The Supreme Court has before it, in Lawson v. FMR,1 the issue of whether Congress, by including the words "contractor" and "subcontractor" in the list of entities that may not retaliate against whistleblowers, meant to extend SOX whistleblower protection to every business entity that has a contractual relationship with a publicly traded company.

In Lawson, the plaintiffs worked for privately held investment advisors to publicly owned Fidelity mutual funds. They claimed they were retaliated against, in violation of SOX, for complaining internally about alleged financial improprieties. The federal district court in Boston denied the defendants' motion to dismiss on the basis that SOX only reaches employees of public companies, holding that the employing entities were contractors to a public company, and that employees were protected. But the court certified the question for interlocutory appeal. The U.S. Court of Appeals for the First Circuit reversed, holding that SOX applies only to employees of public companies.

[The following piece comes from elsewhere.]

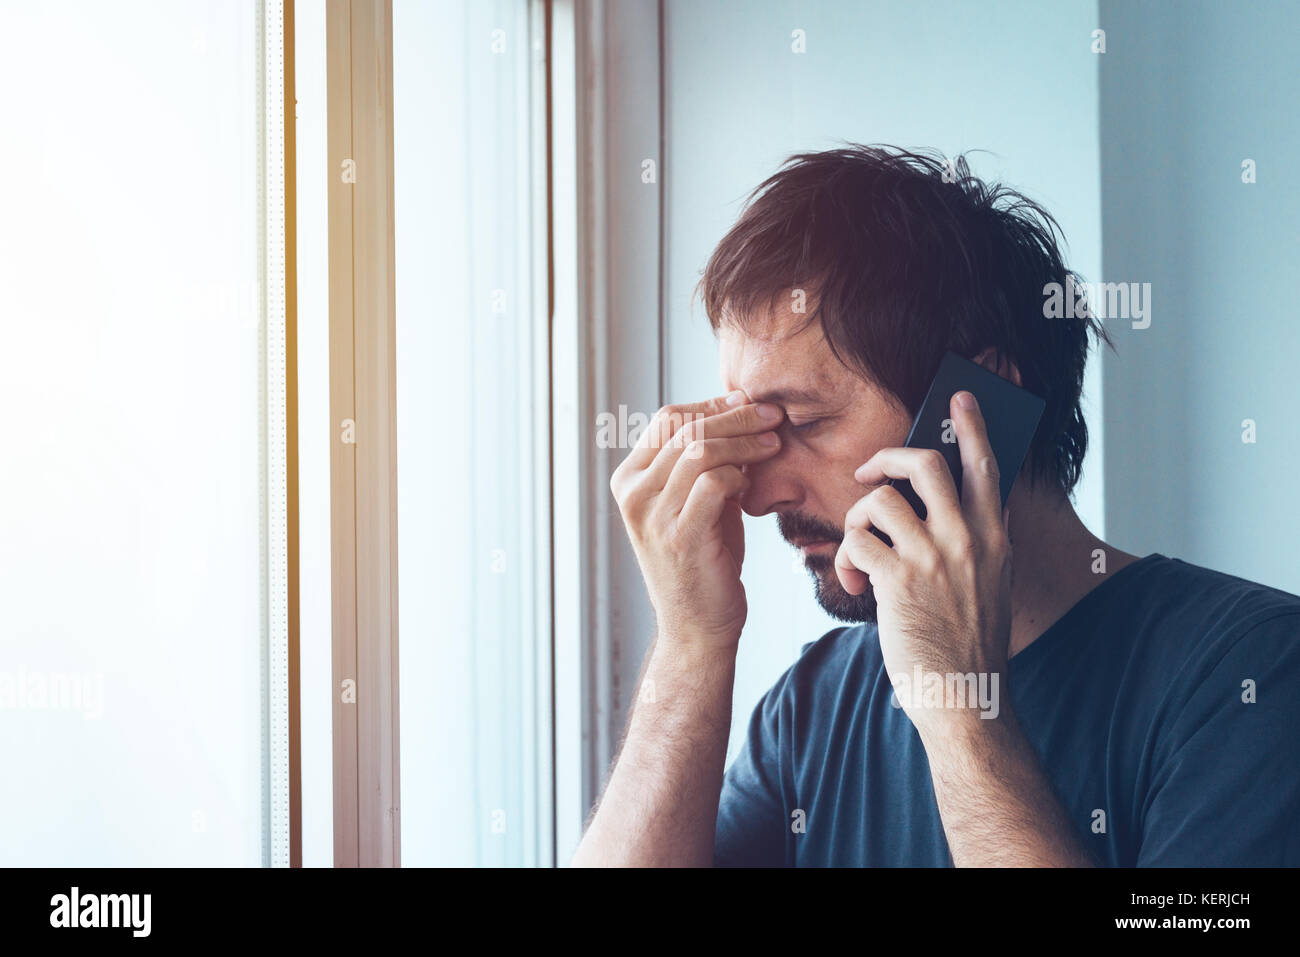 Unpleasant phone call, worried anxious man talking with someone on mobile phone Stock Photo

The U.S. Department of Labor's Administrative Review Board (ARB) subsequently rejected the First Circuit's interpretation in Spinner v. David Landau & Associates, holding that an auditor who was fired by a privately held firm could bring a SOX claim because the firm provided compliance services to a public company.2 The Lawson plaintiffs petitioned the Supreme Court for further review, and on Nov. 12, 2013, the justices heard oral argument. At argument, the justices seemed to recognize that Congress could not have intended SOX to cover all employees of every "officer, employee, contractor, subcontractor, or agent" of a public company, and that some "limitation" was necessary.

Justice Stephen Breyer asked early in the argument whether SOX would apply to a gardener with three employees that spends one day a week cutting a public company's lawn, if one employee complained about alleged fraud completely unrelated to the public company. Resolution of this question may play a key part in the final decision. The plaintiffs argued that SOX would apply, because, they said, Congress intended, in the wake of the Enron scandal, to protect every employee of a contractor or subcontractor and every report of fraud.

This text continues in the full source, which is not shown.